第79章 賣豬肉
小舅媽原本想解釋, 一看兒女跟教訓孫子一樣數落他們,頓時一個字不想說,暗暗決定年後還買, 錢花掉,一分不給他們。
再說葉煩,她問過村民,是照生豬價格賣給她,還是叫她抽一成半, 租車錢由她支付,她保證五花肉能賣到一塊錢一斤。

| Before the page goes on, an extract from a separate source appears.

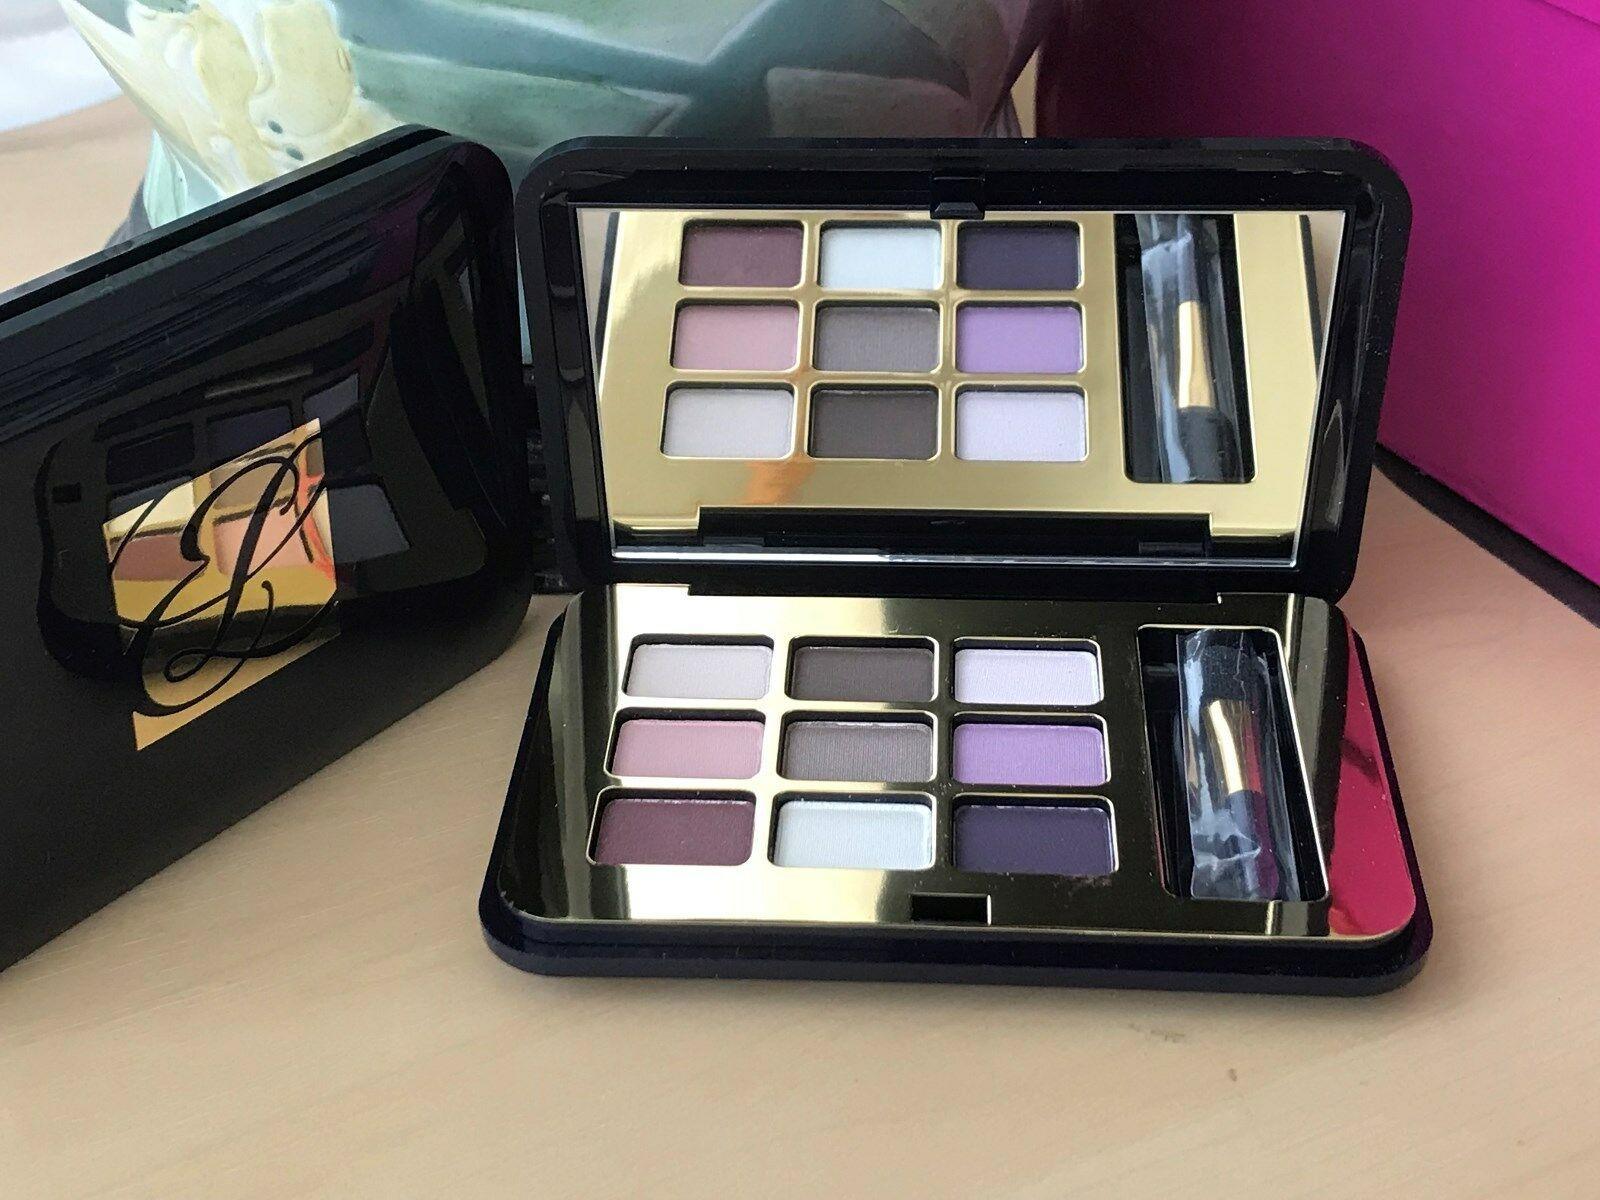 Estee Lauder Signature 9 Eyeshadow Palette Sand Smoky Pink Arctic Night Blue Smo - $22.28

懂殺豬的老人合計,肉聯廠給的生豬價是五毛一斤, 兩百斤的豬一百塊錢。殺豬自己賣, 肉能賣一百三四,就算去掉葉煩的抽成,也有一百一二,豬下水豬網油豬血等等也能賣一些錢。
村民決定他們把豬收拾乾淨,葉煩拿抽成。
葉煩拉六頭豬到市區, 還拉了兩筐魚。耿致曄賣魚,錢單獨收著,回頭直接給於家村。村民切肉稱重, 葉煩收肉錢。
買十斤肉的人, 葉煩給兩個剃乾淨肉的棒骨。葉煩叫賣豬的村民贊助一點酸白菜酸蘿蔔和小蔥, 買一斤五花肉的就送四分之一棵酸白菜。不過由於要過年了沒人買一斤,最少都是三斤。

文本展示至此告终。